(Beginning of Data extract)
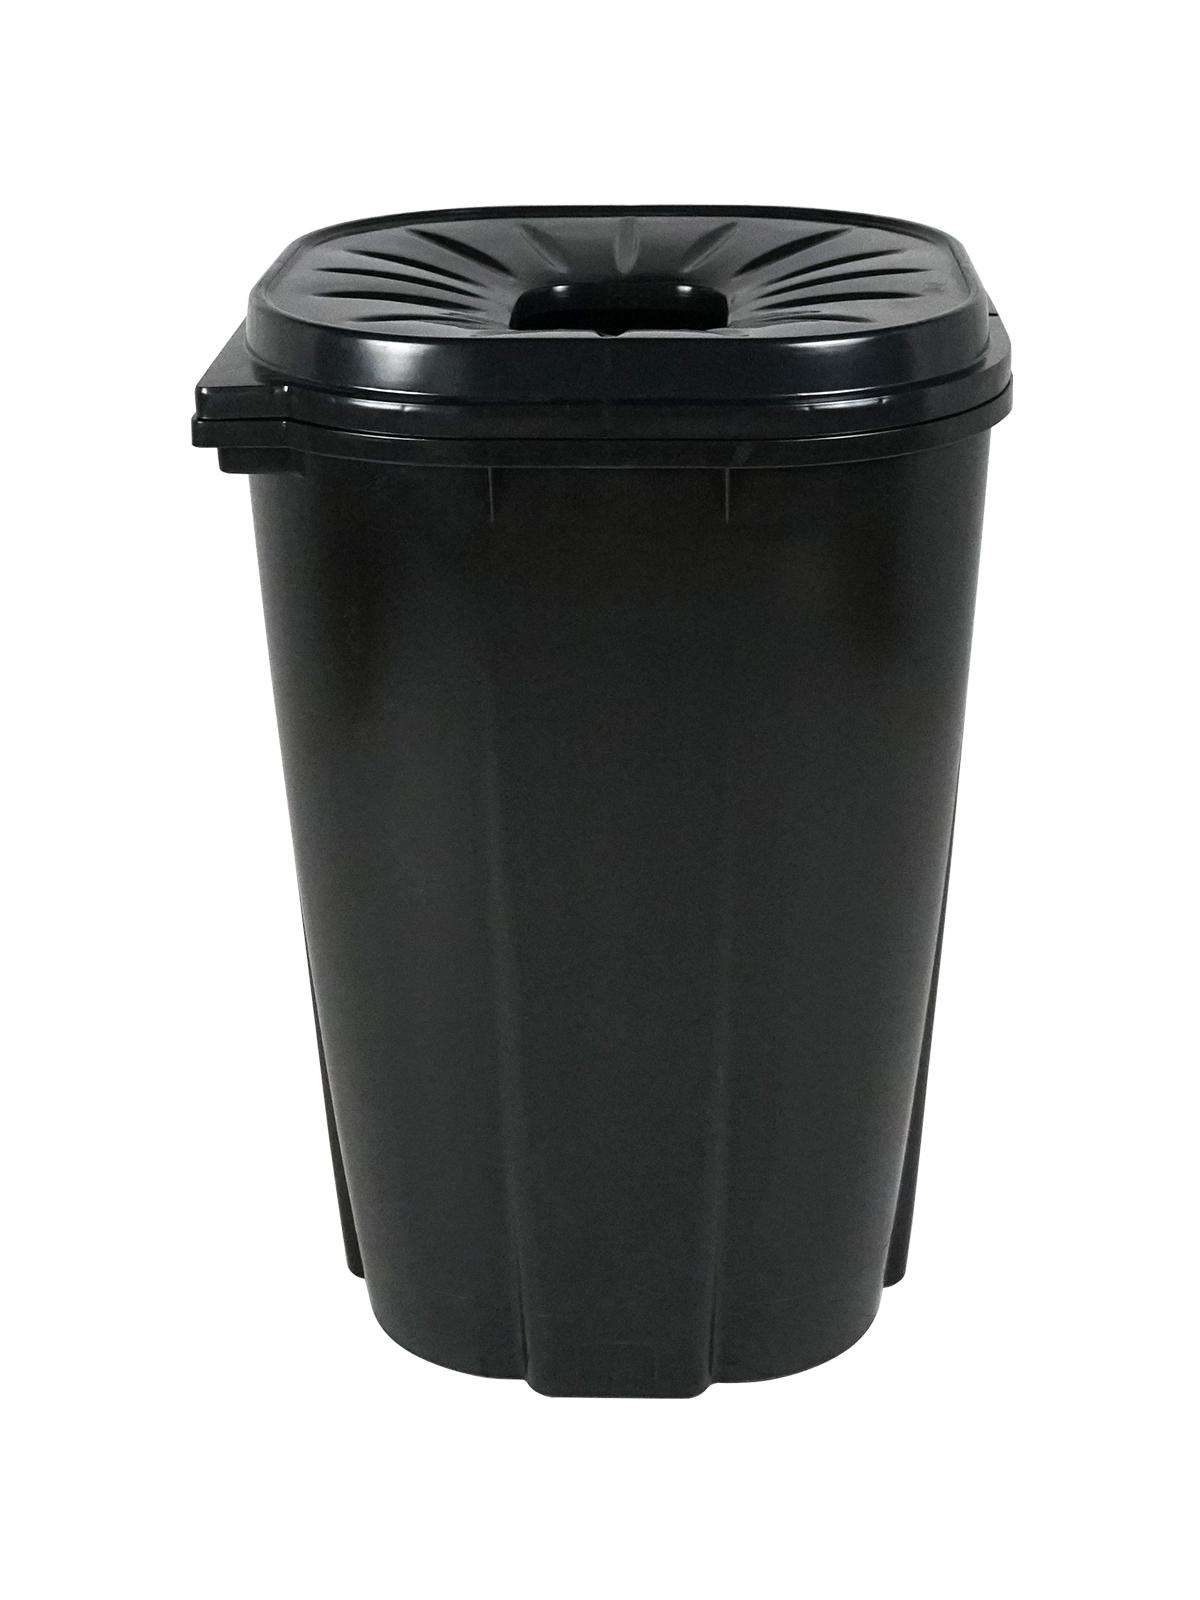 55 GALLON - Single - Unit - Waste Bin - Circle - Black
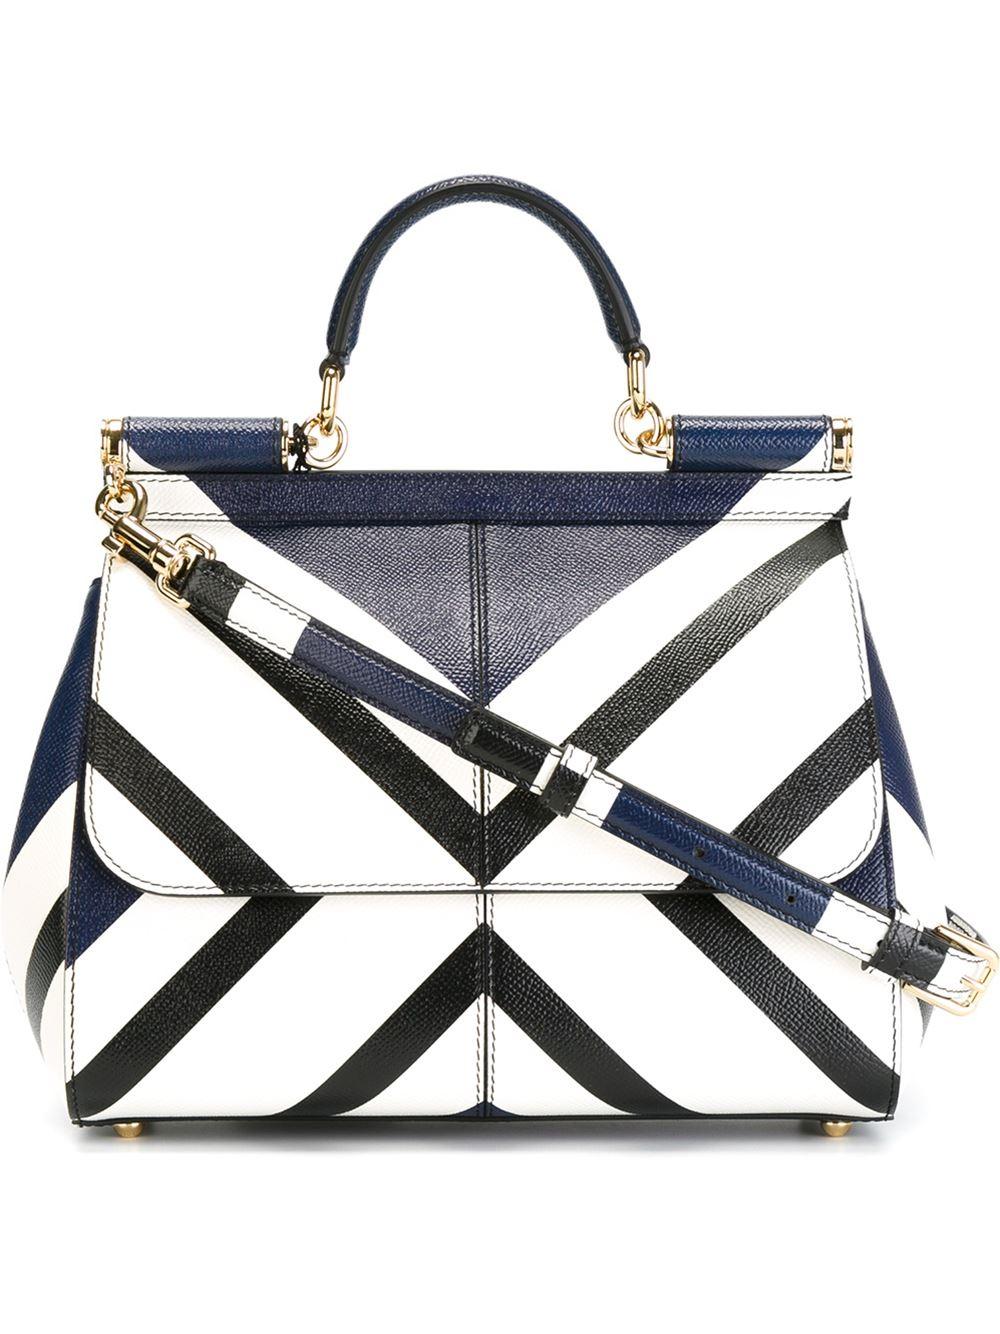 Lyst - Dolce   Gabbana Striped Print Miss Sicily Medium Handbag in Blue c6cf97e4a9f82
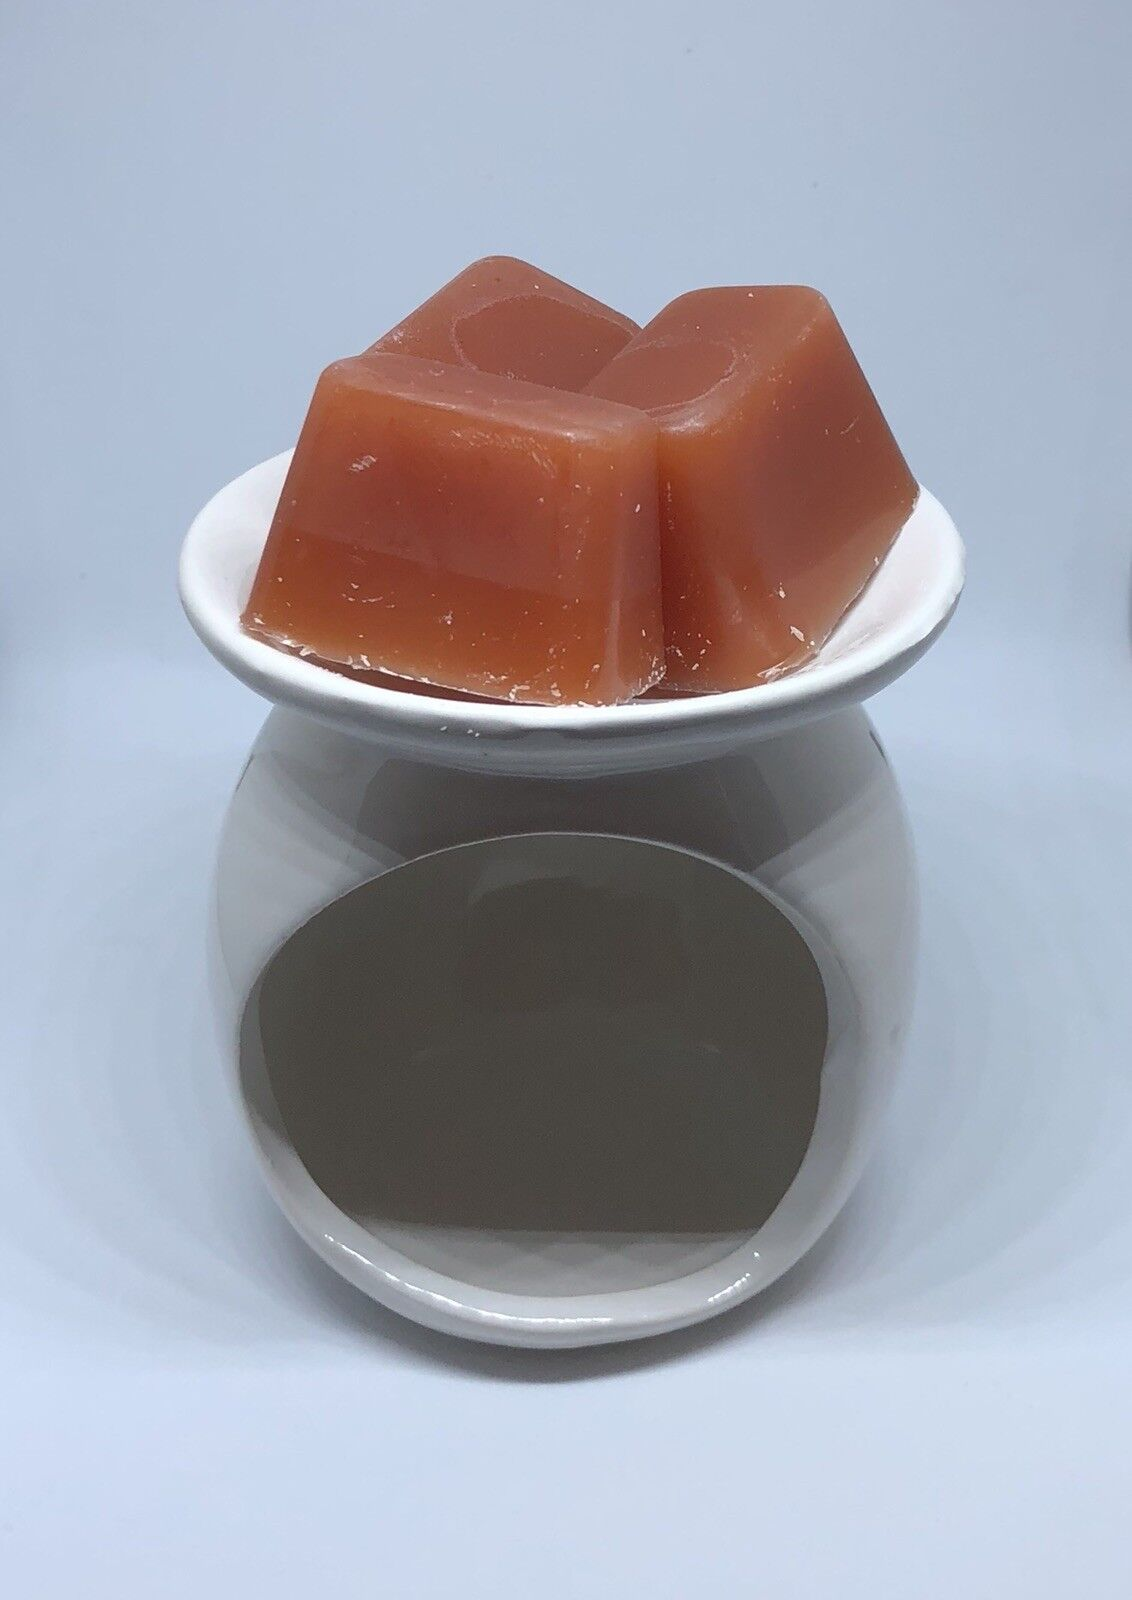 Ceramic Candle Holder Wax Melt Warmer with 3 pcs Apple Cinna
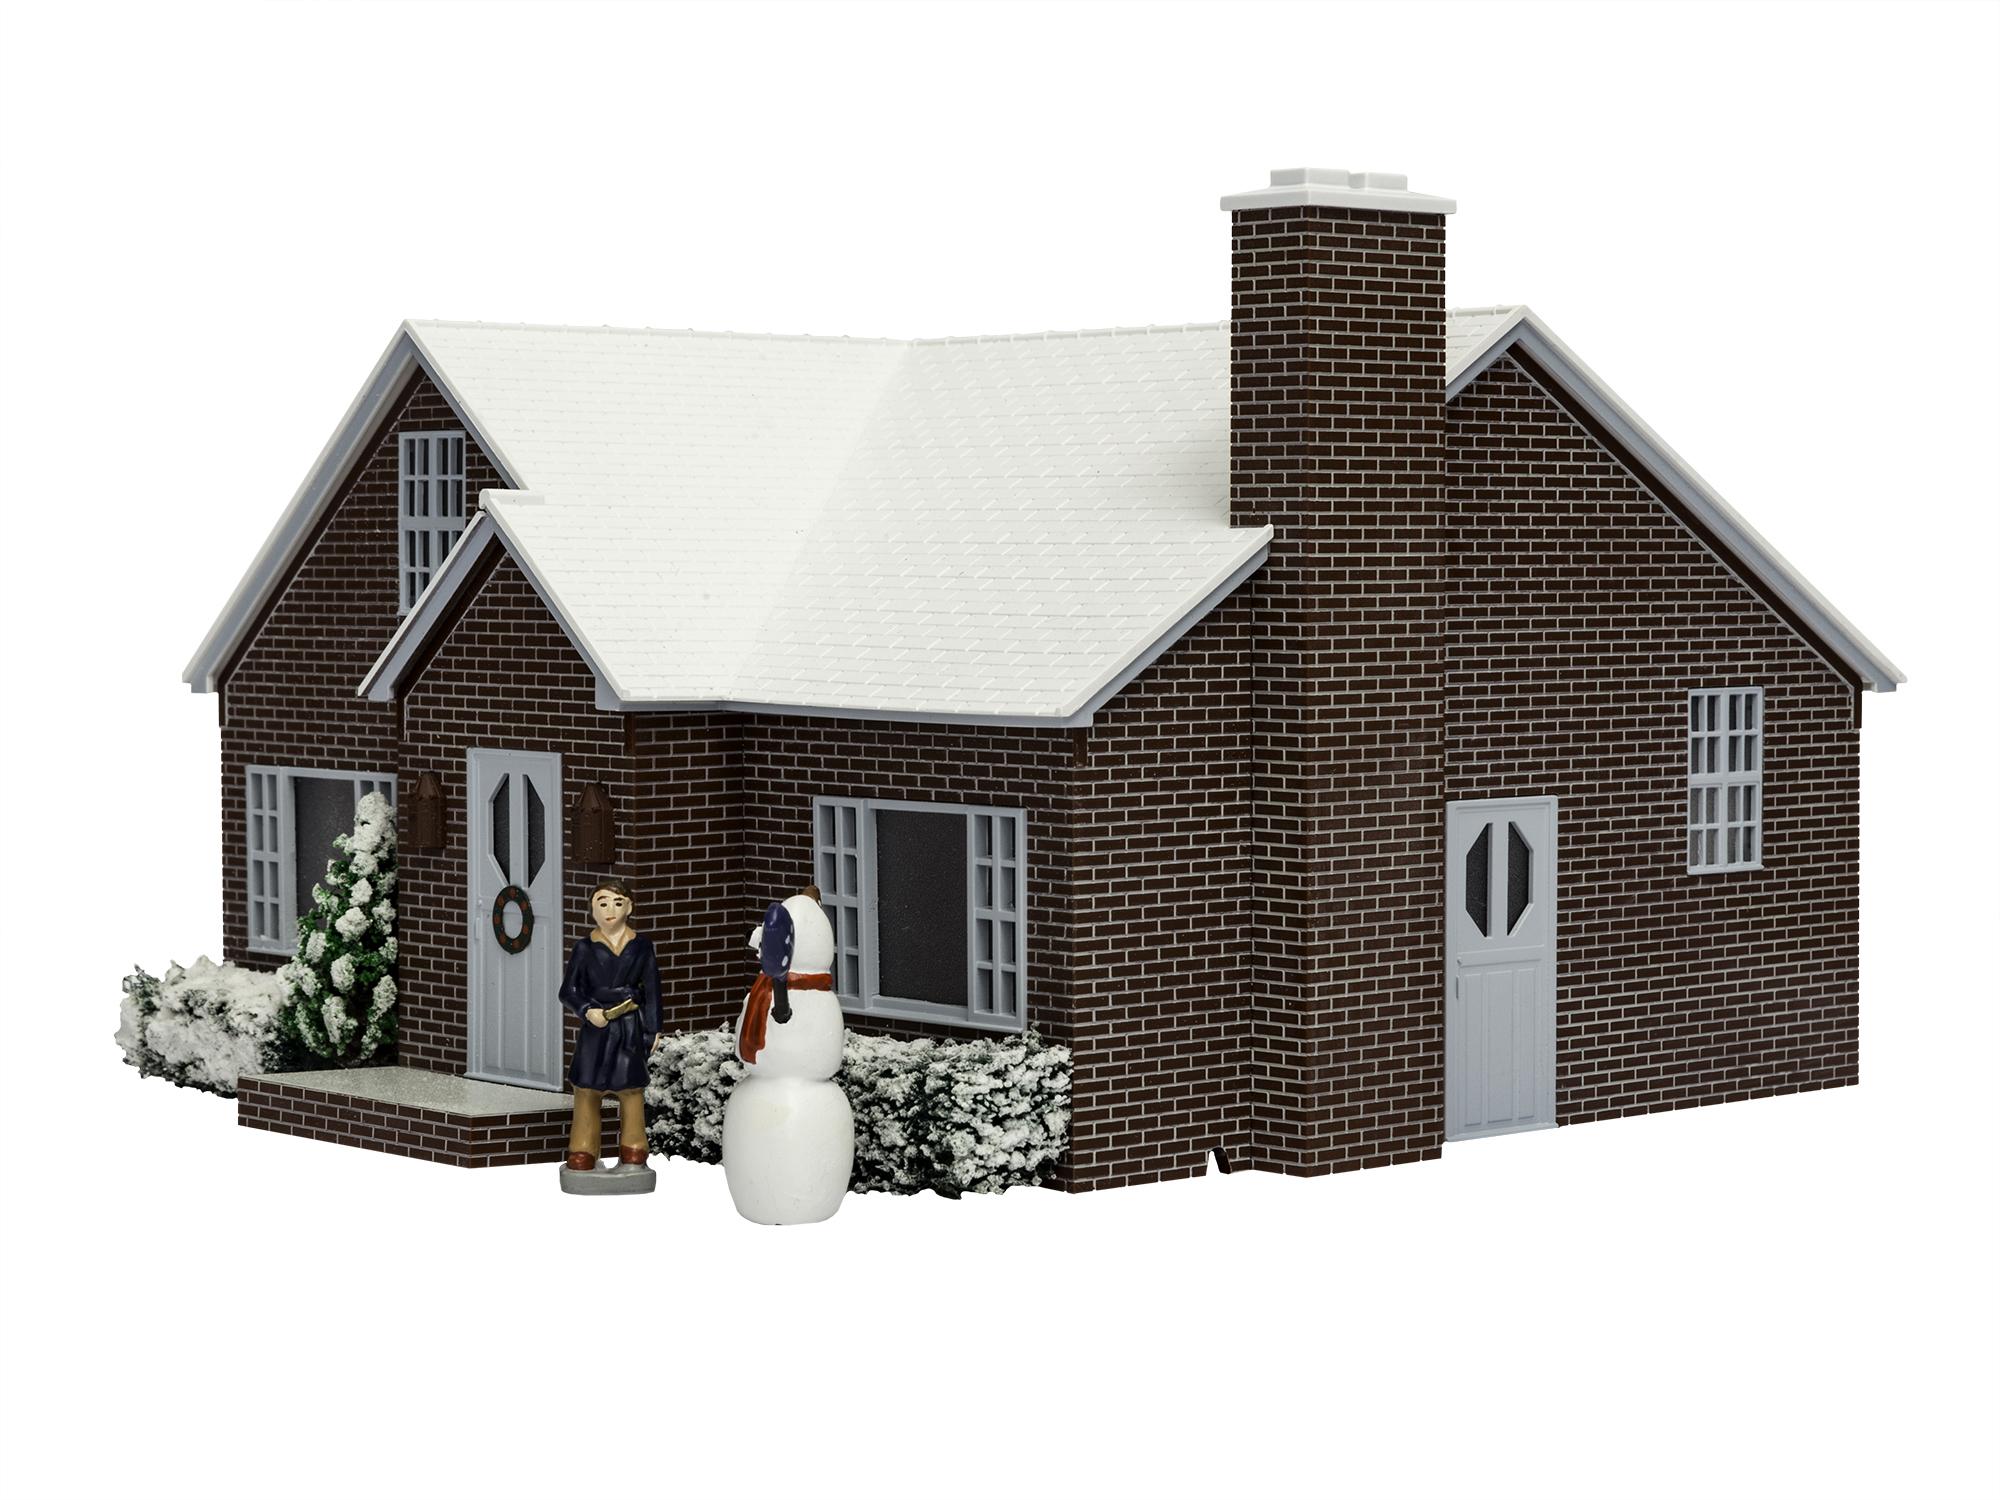 LNL685410 Lionel O Hero Boy's House, The Polar Express
(End of Data extract)
**The task:**
Give back exactly the lines from the line with "Lyst - Dolce" through the end of the material above, inclusive, with no pictures.

**Output of the exercise:**
 Lyst - Dolce   Gabbana Striped Print Miss Sicily Medium Handbag in Blue c6cf97e4a9f82
 Ceramic Candle Holder Wax Melt Warmer with 3 pcs Apple Cinna
 LNL685410 Lionel O Hero Boy's House, The Polar Express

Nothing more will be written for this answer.